Patients treated with mepolizumab or benralizumab (n = 88 each) were matched: 57 % were females, median age was 54 years (IQR 45-60), median OCS dose 10 (7.5-12.5) and 10 (7-13) mg/day, median BVAS 4 (2-7) and 3 (2-8), respectively. 45.4 % of patients in the mepolizumab group and 51.1 % in the benralizumab group achieved CR or PR at T3, with CR steadily increasing during follow-up for both treatments. At T12, a higher CR rate was found in the benralizumab group (48.1 % vs 32.4 %, p = 0.005).
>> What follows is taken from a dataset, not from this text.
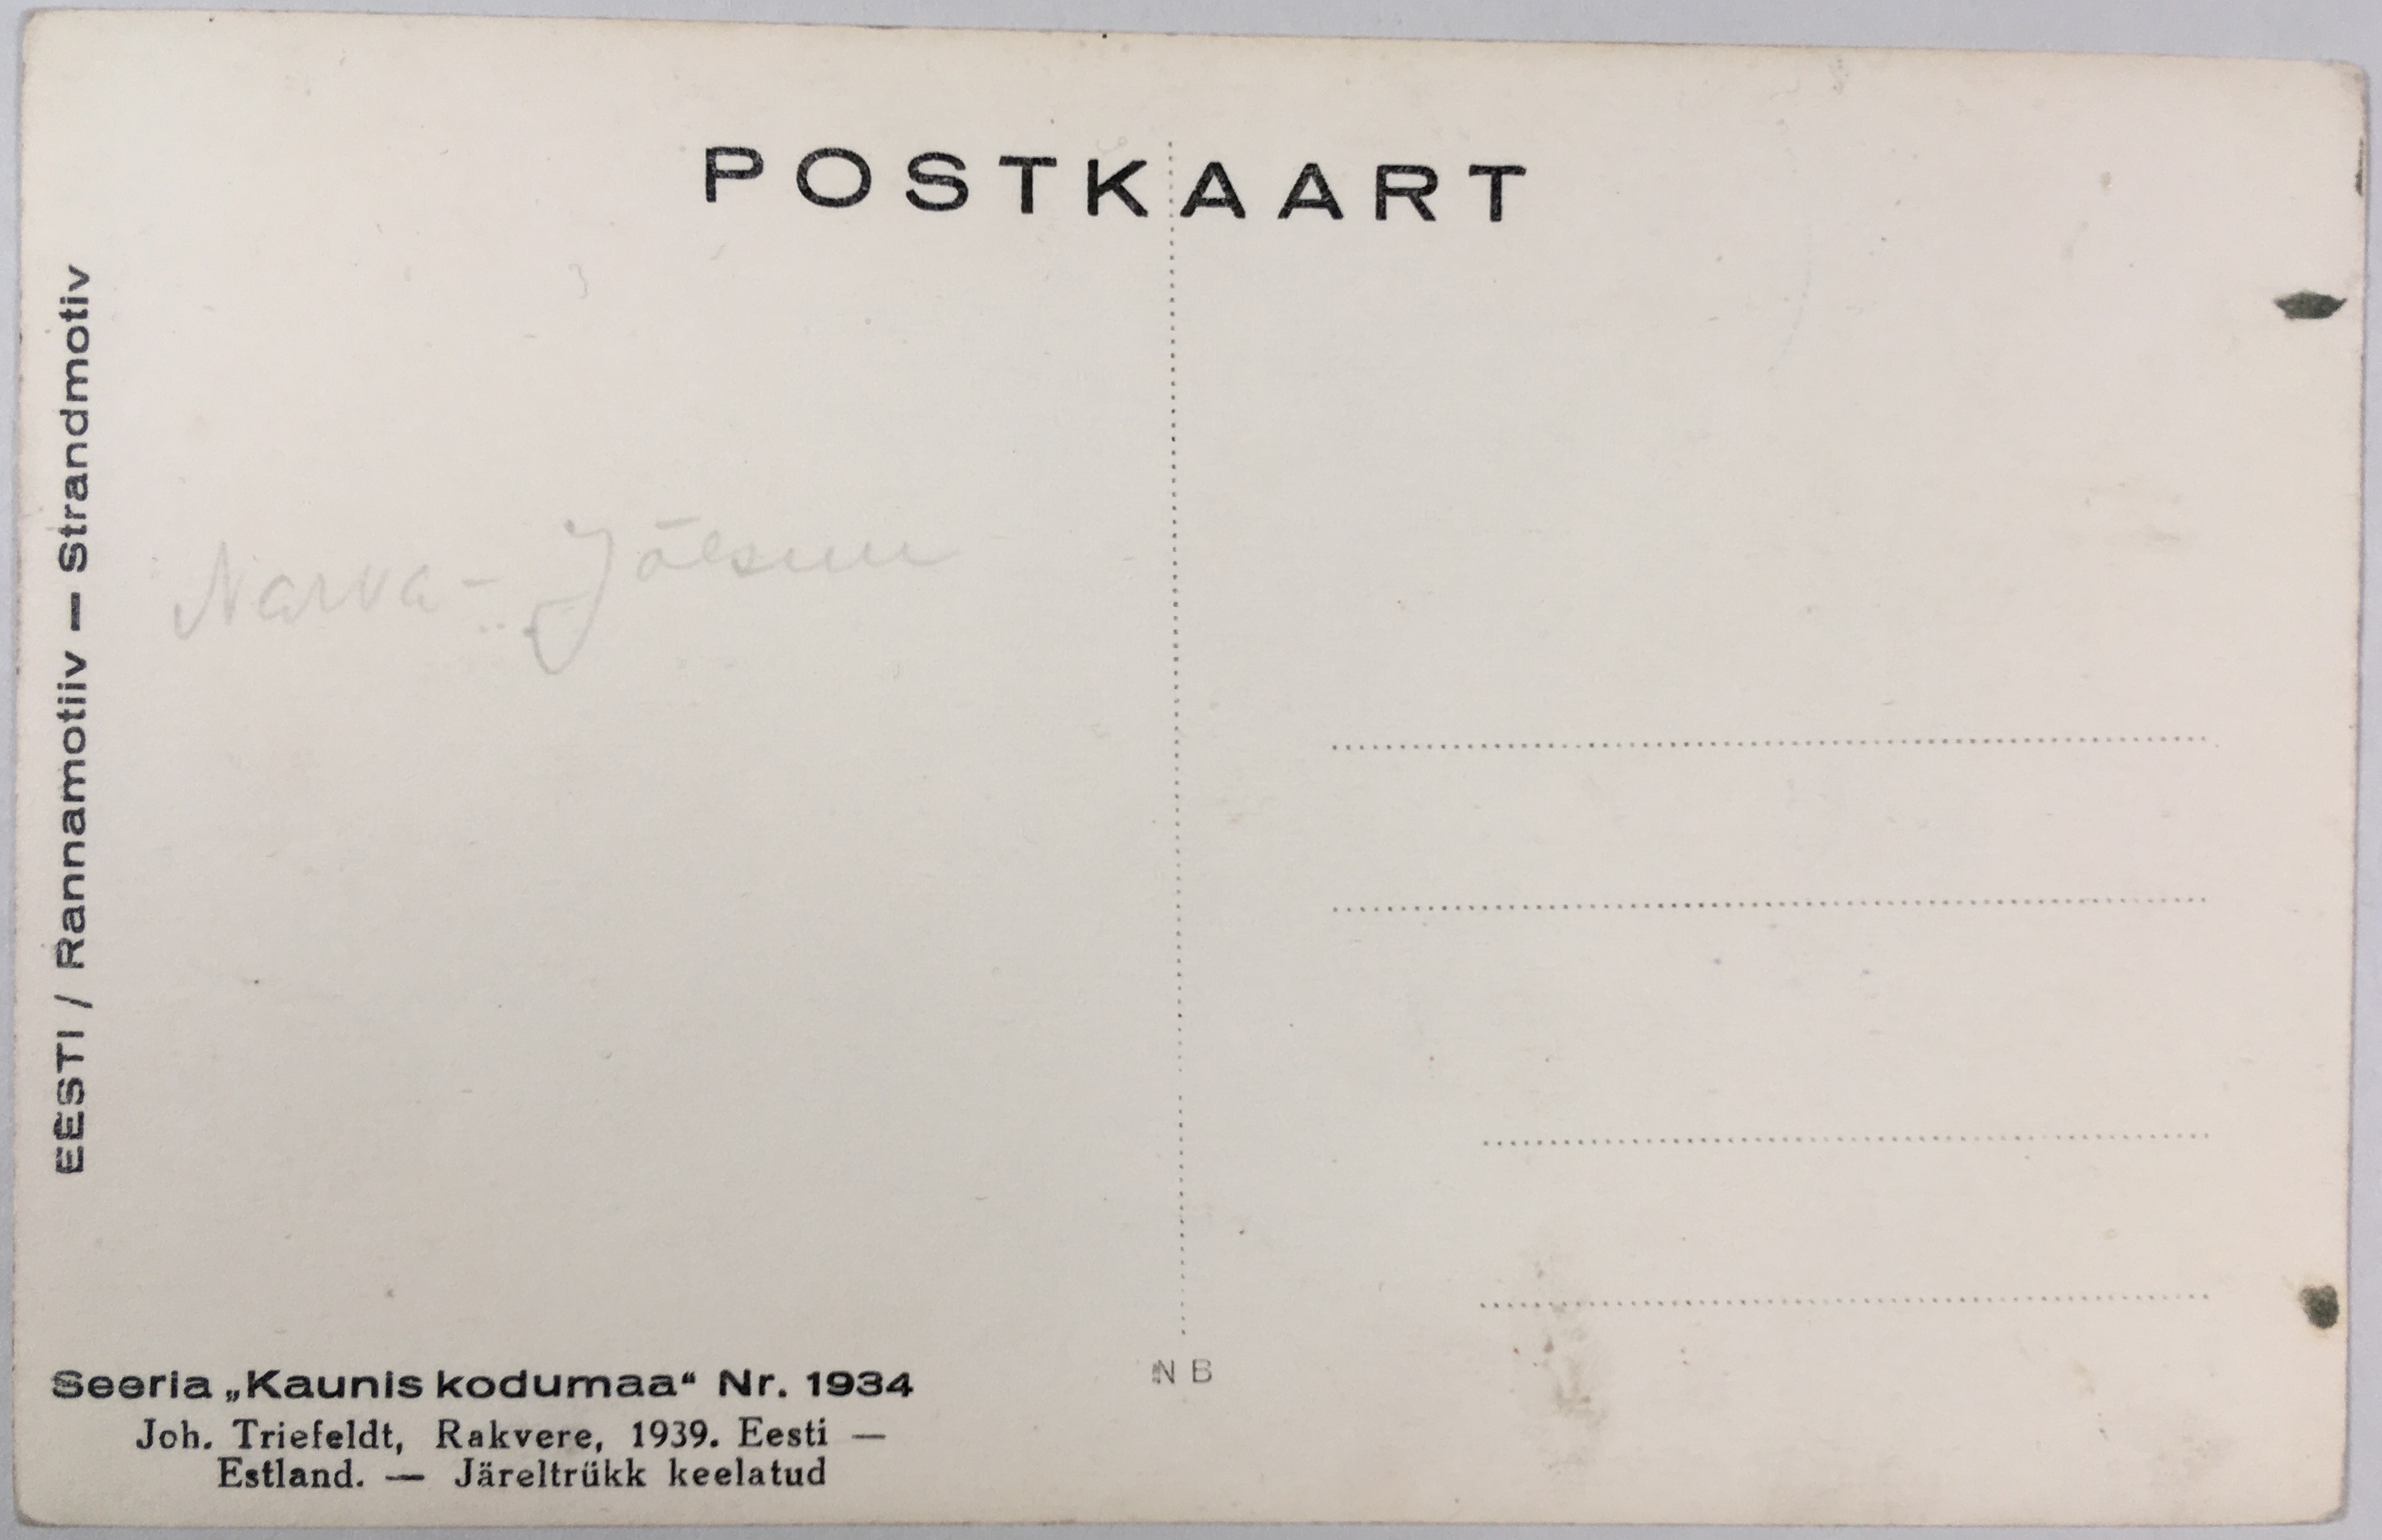 Fotopostkaart sarjast "Kaunis kodumaa" Nr. 1934 tagakülg - Fotopostkaart Rene Viljati erakogust

No differences in BVAS, OCS, and respiratory parameters were observed between groups at the different timepoints. Throughout the follow-up, both treatments reduced eosinophil count, although a deeper reduction was found in the benralizumab group at all timepoints (p < 0.0001). Safety profile was comparable between patient groups.
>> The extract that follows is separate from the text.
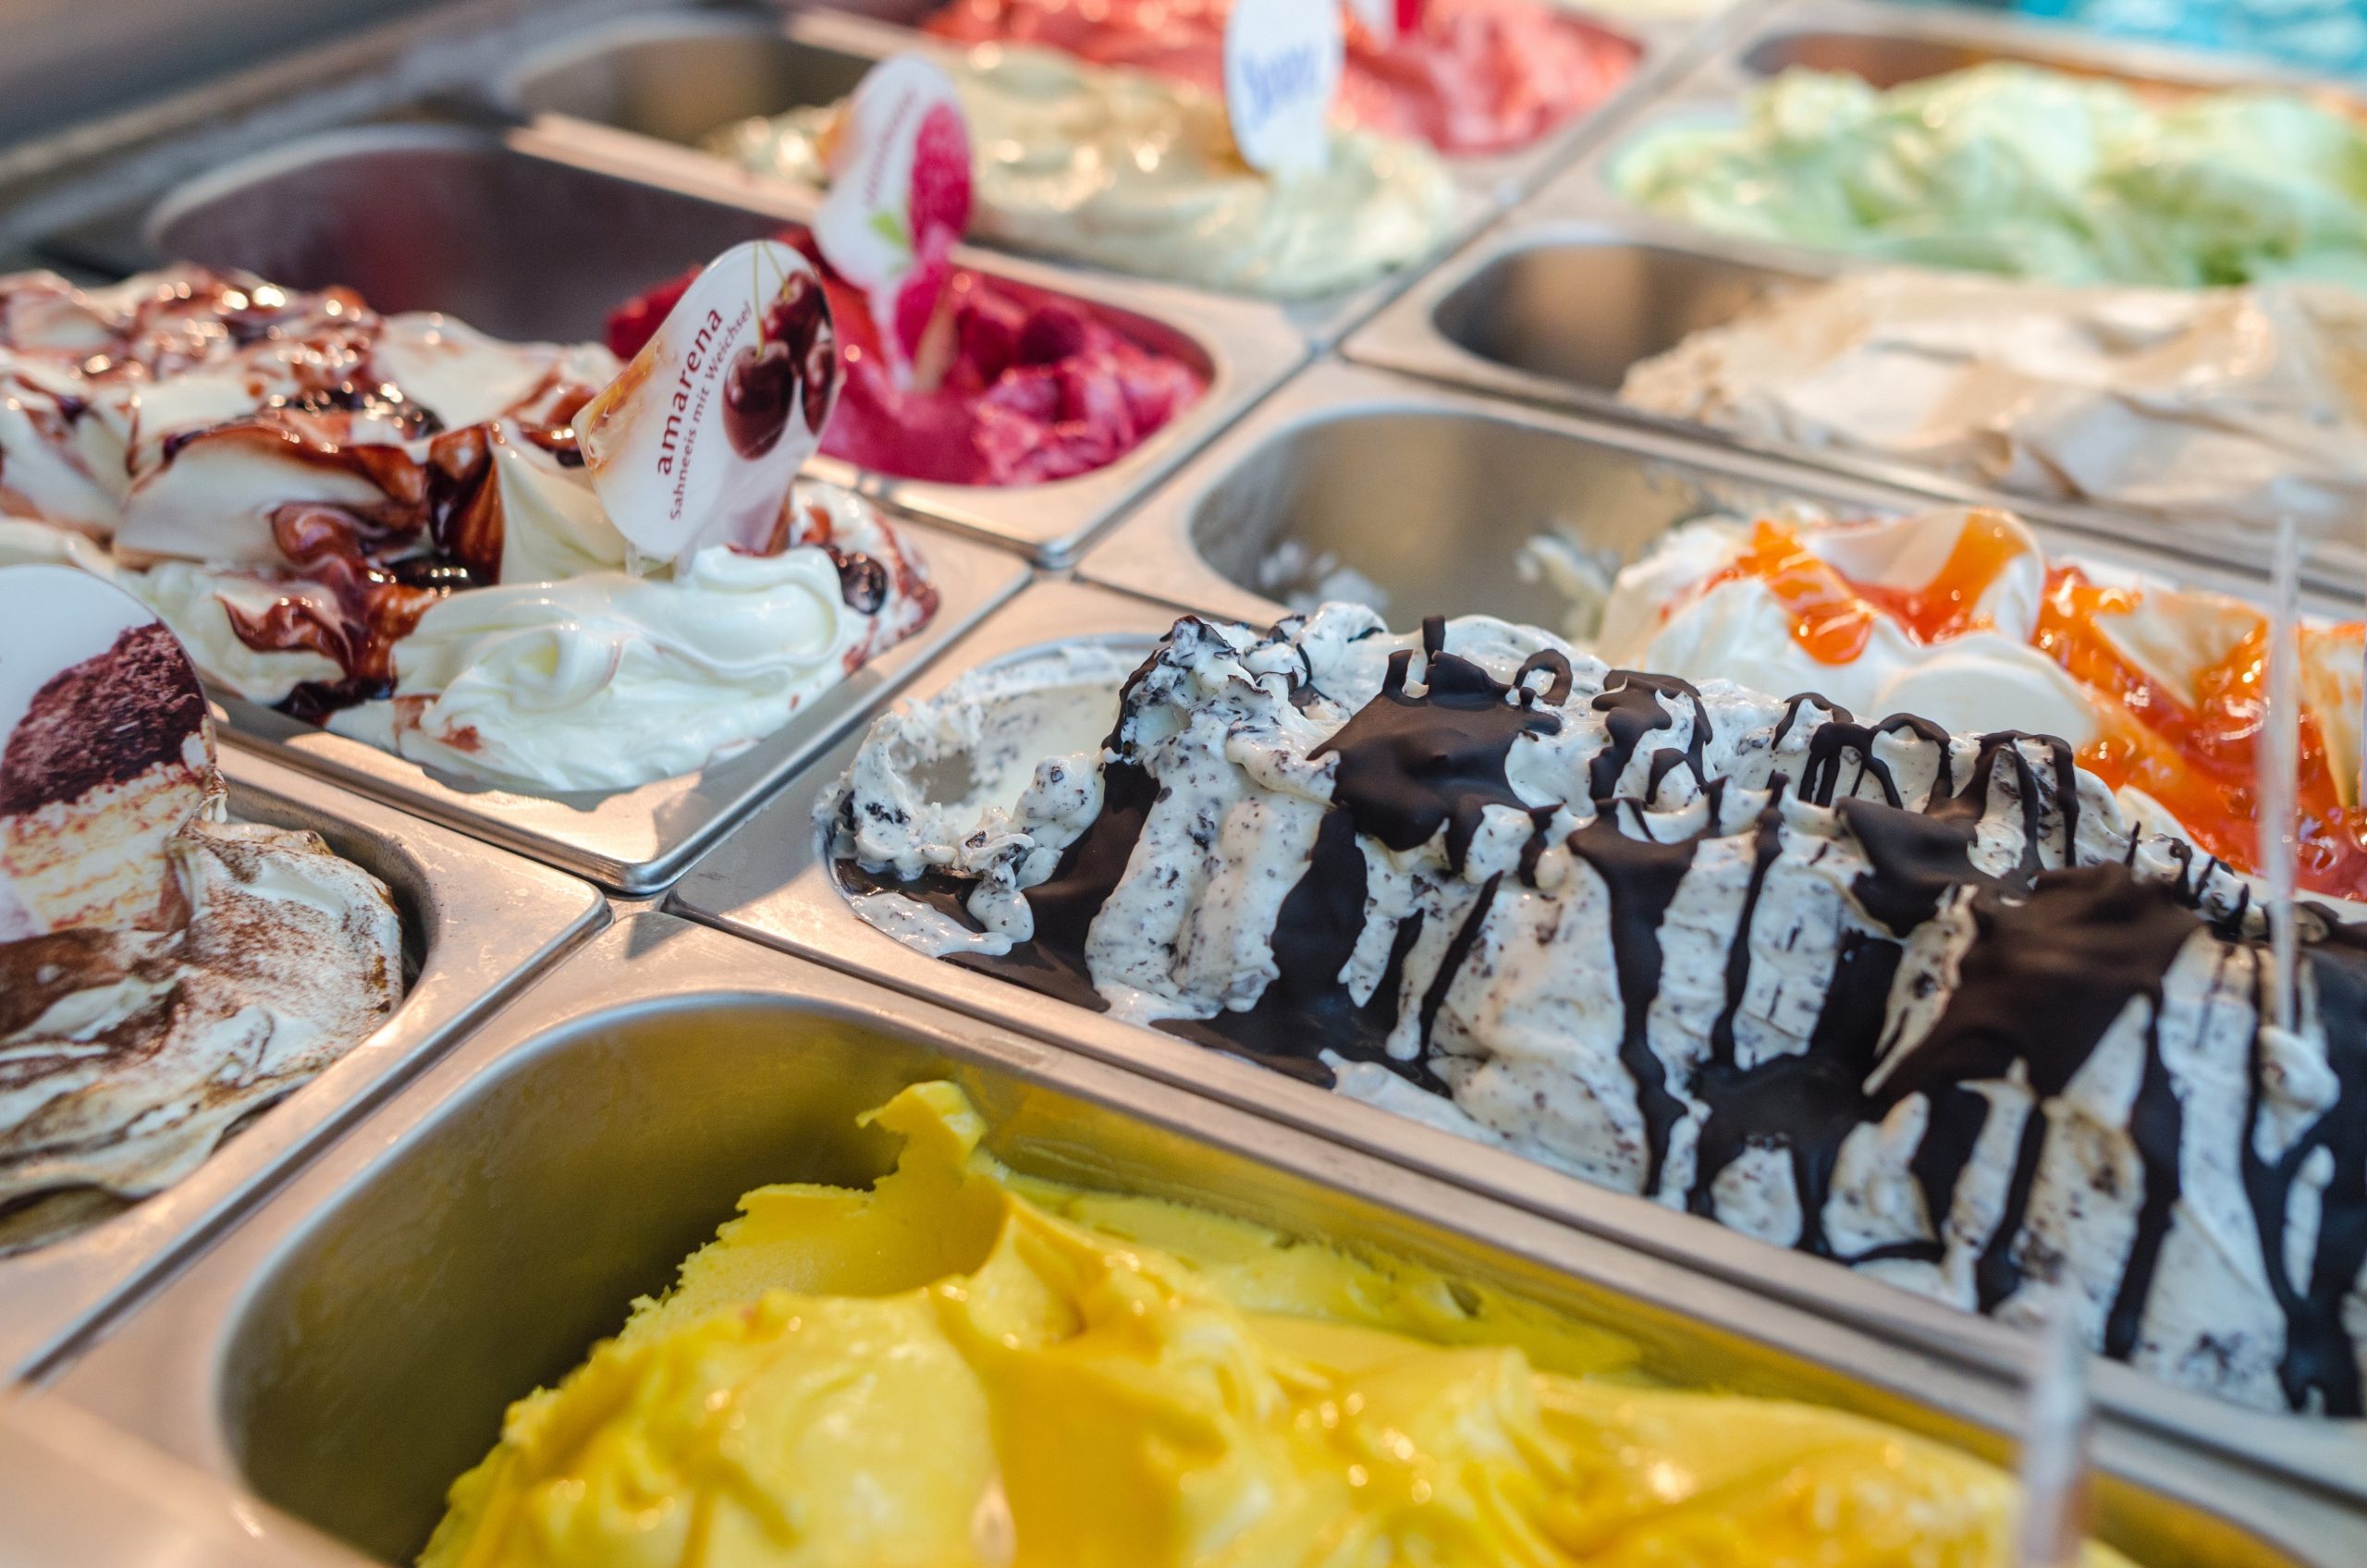 Mehrere bunte Eissorten bei der Theke einer Eisdiele.

Mepolizumab and benralizumab showed comparable overall effectiveness and safety in EGPA. However, benralizumab achieved a higher CR rate at T12, and a deeper peripheral eosinophil reduction.
基于MANDARA试验的结果,这项真实世界研究旨在比较美泊利单抗与贝那利珠单抗在欧洲嗜酸性肉芽肿性多血管炎(EGPA)队列中的有效性和安全性。
我们开展了一项回顾性观察性比较研究,纳入接受哮喘剂量美泊利单抗或贝那利珠单抗治疗的EGPA患者。患者在治疗起始时(T0)按性别、年龄、BVAS和口服糖皮质激素(OCS)剂量进行1:1匹配。还比较了3、6和12个月时的完全缓解(CR)和部分缓解(PR)、疾病活动度、OCS、肺参数、嗜酸性粒细胞计数、复发情况及安全性结局。
接受美泊利单抗或贝那利珠单抗治疗的患者(各88例)匹配良好:57%为女性,中位年龄54岁(四分位间距45 - 60岁),美泊利单抗组和贝那利珠单抗组的OCS中位剂量分别为10(7.5 - 12.5)和10(7 - 13)mg/天,BVAS中位值分别为4(2 - 7)和3(2 - 8)。美泊利单抗组45.4%的患者和贝那利珠单抗组51.1%的患者在T3时达到CR或PR,两种治疗在随访期间CR均稳步增加。在T12时,贝那利珠单抗组的CR率更高(48.1%对32.4%,p = 0.005)。不同时间点两组间BVAS、OCS和呼吸参数无差异。在整个随访期间,两种治疗均降低了嗜酸性粒细胞计数,尽管贝那利珠单抗组在所有时间点的降低幅度更大(p < 0.0001)。患者组间安全性相当。
美泊利单抗和贝那利珠单抗在EGPA中总体有效性和安全性相当。然而,贝那利珠单抗在T12时达到了更高的CR率,且外周嗜酸性粒细胞降低幅度更大。